I find it quite convenient to use both structs and np.ndarrays using dtypes like pyopencl.cltypes.float2. This is a clear and self documenting way to pass structured data to my kernels, as opposed to just a bunch of floats.
However I find certain behavior inconvenient. For example given:
import numpy as np
import pyopencl.cltypes as cltp
a = np.zeros((3,5), dtype=cltp.float2)
>>> a
array([[(0., 0.), (0., 0.), (0., 0.), (0., 0.), (0., 0.)],
[(0., 0.), (0., 0.), (0., 0.), (0., 0.), (0., 0.)],
[(0., 0.), (0., 0.), (0., 0.), (0., 0.), (0., 0.)]],
dtype=[(('x', 's0'), '<f4'), (('y', 's1'), '<f4')])
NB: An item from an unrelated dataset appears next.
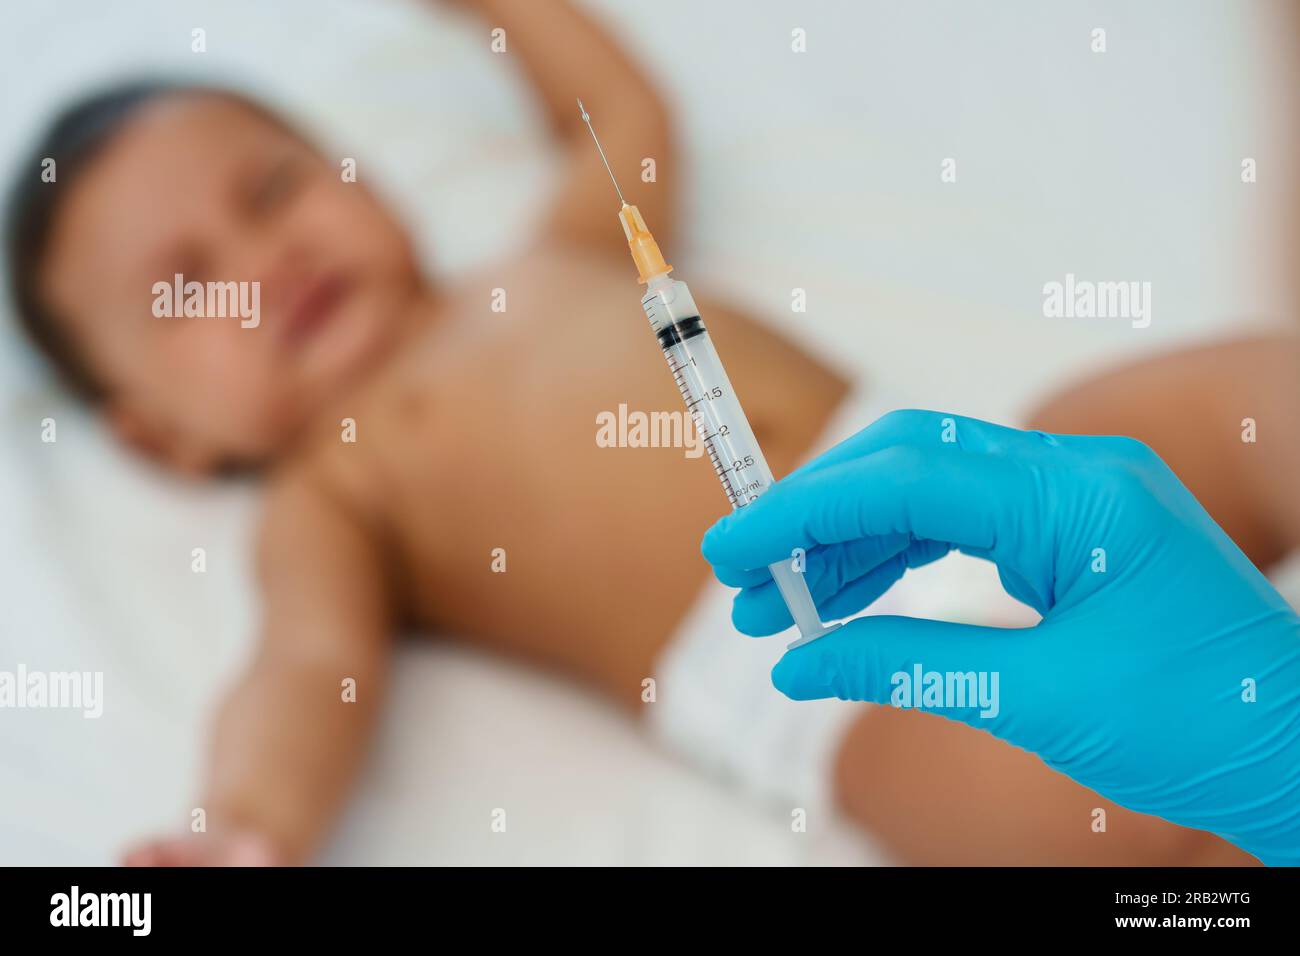 doctor holding syringe and preparing vaccine giving injection to crying infant baby Stock Photo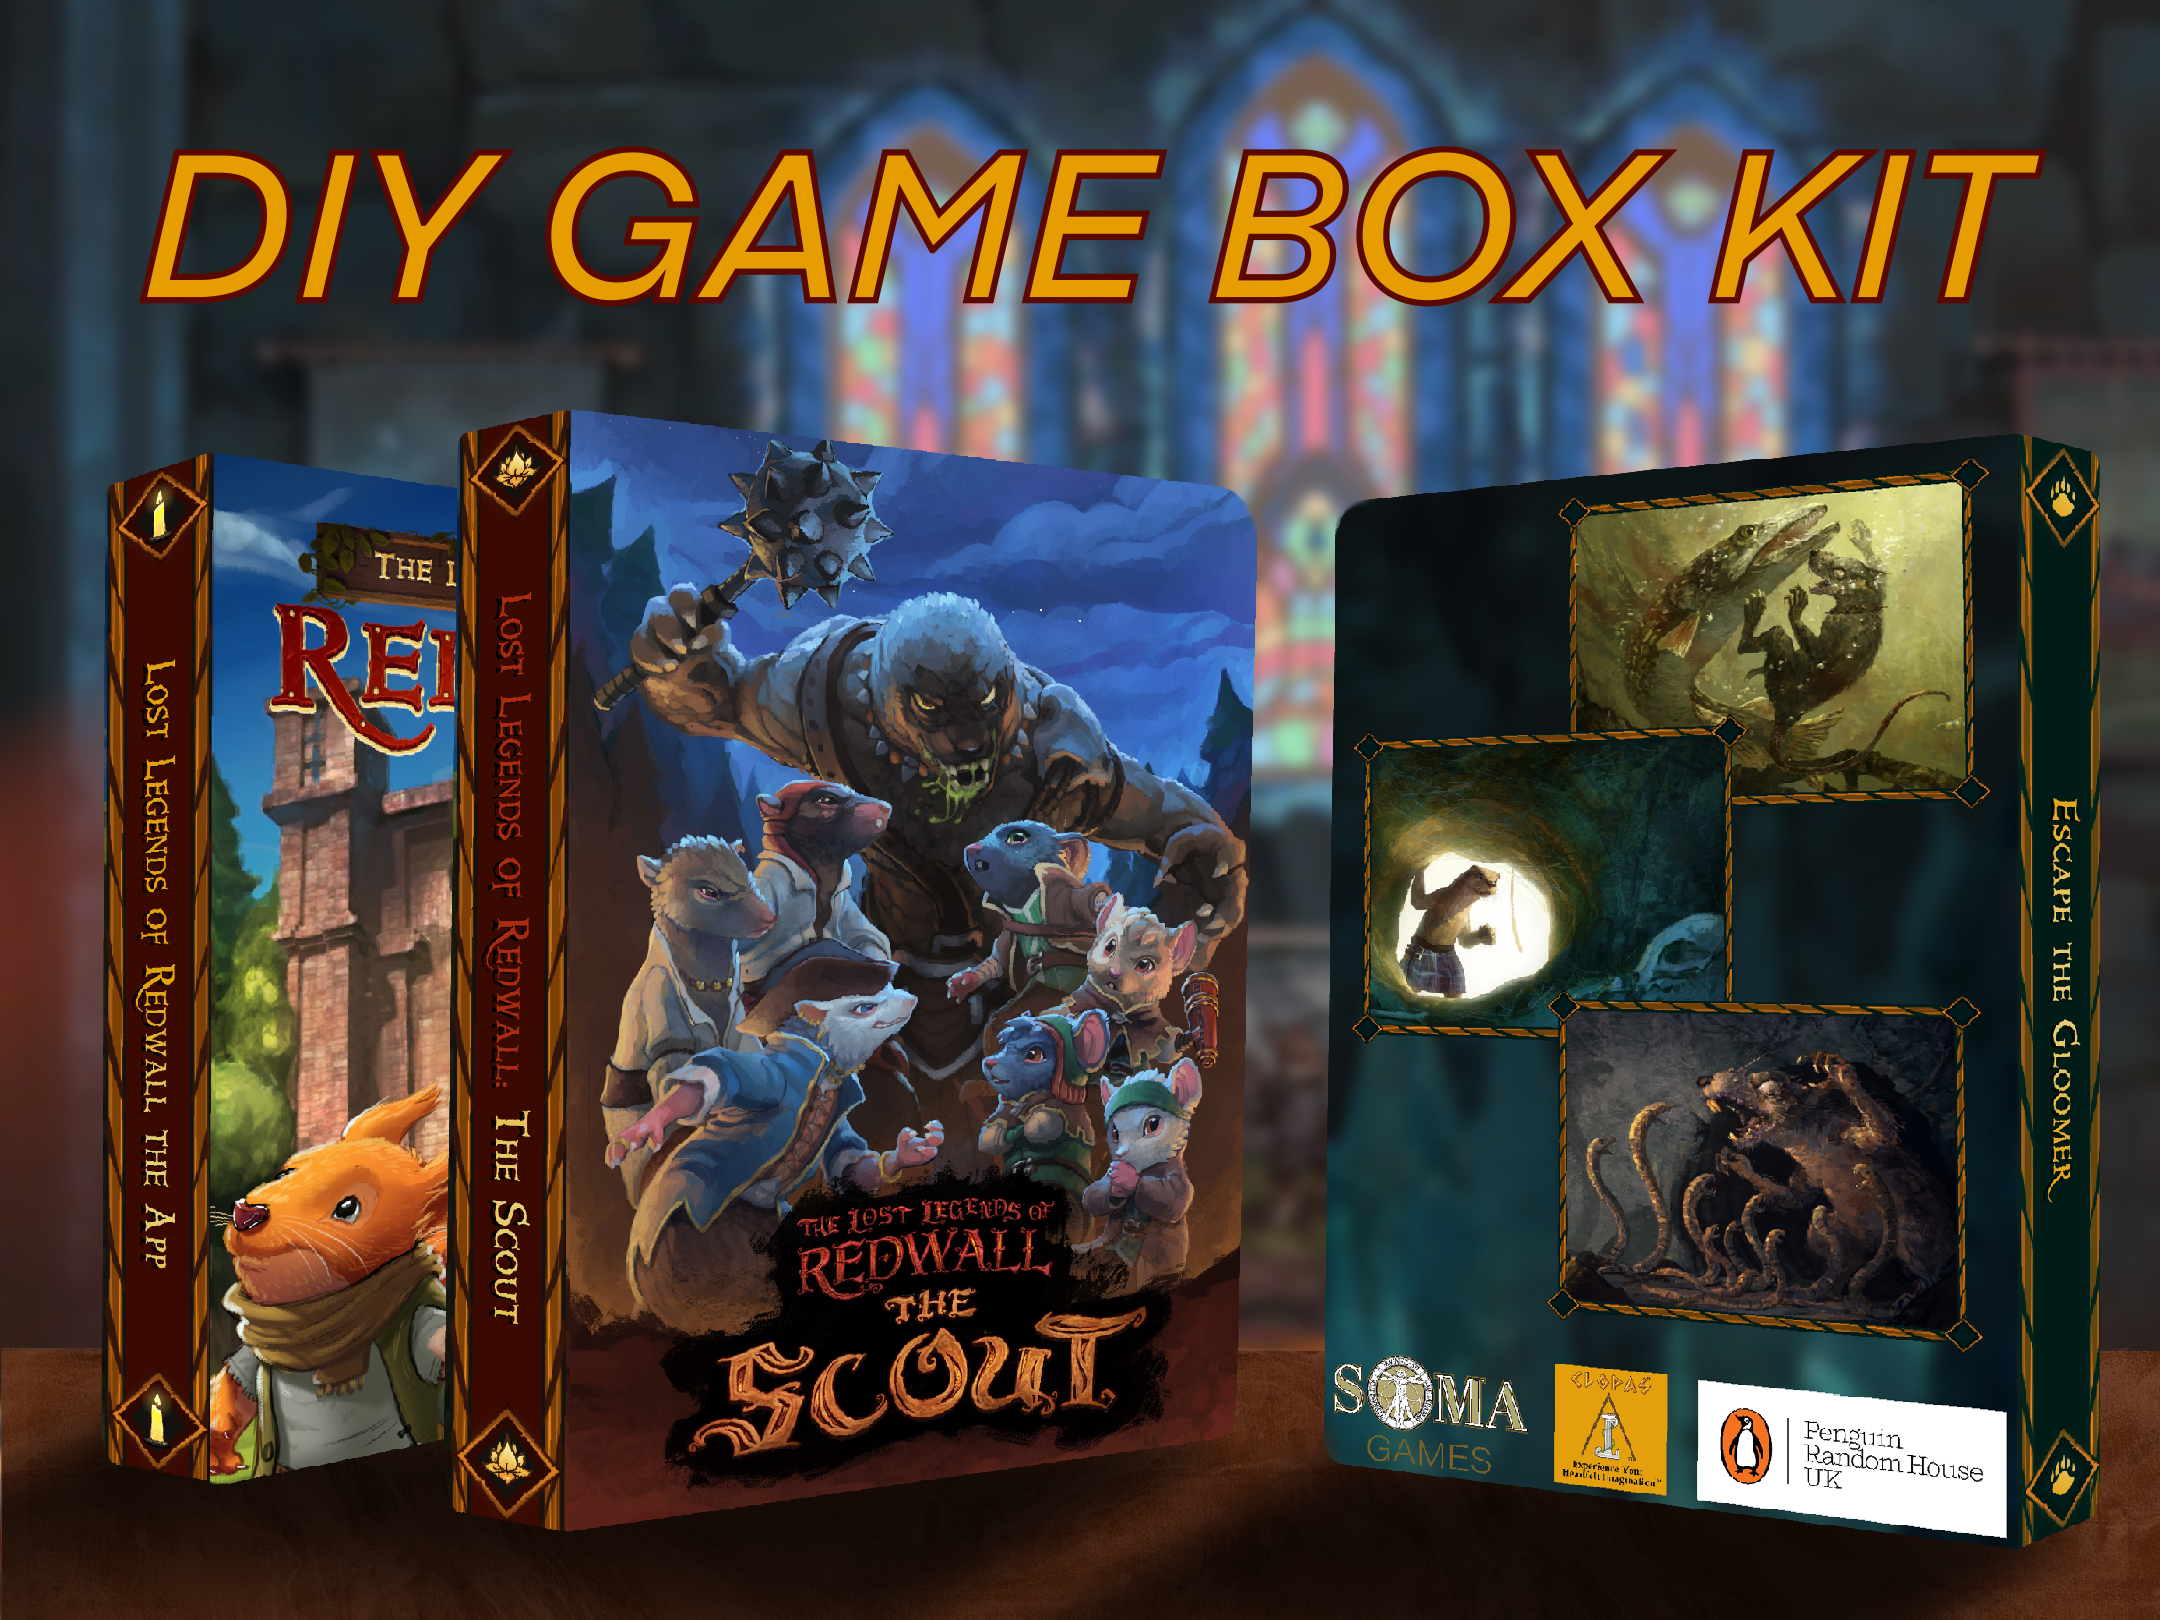 The lost legends of redwall. The Lost Legends of Redwall: the Scout Anthology. Be Kon Box.

I can construct my data structure piecemeal before passing it to the kernel by doing e.g.
a[:,1] = (42,-42)
>>> a
array([[( 0., 0.), (42., -42.), ( 0., 0.), ( 0., 0.), ( 0., 0.)],
[( 0., 0.), (42., -42.), ( 0., 0.), ( 0., 0.), ( 0., 0.)],
[( 0., 0.), (42., -42.), ( 0., 0.), ( 0., 0.), ( 0., 0.)]],
dtype=[(('x', 's0'), '<f4'), (('y', 's1'), '<f4')])
which is nice. However I would also like to assign an array of size 2 to a float2, yet this fails.
a[:,1] = np.array((42,-42))
ValueError: could not broadcast input array from shape (2) into shape (3)
and I have to resort to doing this
a[:,1]['x'] = 42
a[:,1]['y'] = -42
which works, but kind of defeats the purpose of the whole thing.
Am I missing some obvious syntactic difference or is this feature just not supposed to be used this way?
EDIT: In my attempt to present the most minimal example I oversimplified the problem. hpaulj's answer is correct in that if I use explicit dtype=float2 on something of shape=(2,) it will get converted to a shape=(1,) of dtype=float2. My actual question however was more general, on how to go from say an array(shape=(foo, bar, N), dtype=np.float32) into an array(shape=(foo, bar), dtype=cltp.floatN) with N=2,3,4.
Followup question that just occurred: will an actual copy necessarily occur or can this be converted 'in place'? The actual memory layout looks compatible at first glance.
In [99]: a=np.array([[(0., 0.), (0., 0.), (0., 0.), (0., 0.), (0., 0.)],
...: [(0., 0.), (0., 0.), (0., 0.), (0., 0.), (0., 0.)],
...: [(0., 0.), (0., 0.), (0., 0.), (0., 0.), (0., 0.)]],
...: dtype=[(('x', 's0'), '<f4'), (('y', 's1'), '<f4')])
In [100]: a.dtype
Out[100]: dtype([(('x', 's0'), '<f4'), (('y', 's1'), '<f4')])
In [101]: a.dtype.fields
Out[101]:
mappingproxy({'s0': (dtype('float32'), 0, 'x'),
'x': (dtype('float32'), 0, 'x'),
's1': (dtype('float32'), 4, 'y'),
'y': (dtype('float32'), 4, 'y')})
Look at the intended target, a 3 element array with the compound dtype:
In [102]: a[:,1]
Out[102]:
array([(0., 0.), (0., 0.), (0., 0.)],
dtype=[(('x', 's0'), '<f4'), (('y', 's1'), '<f4')])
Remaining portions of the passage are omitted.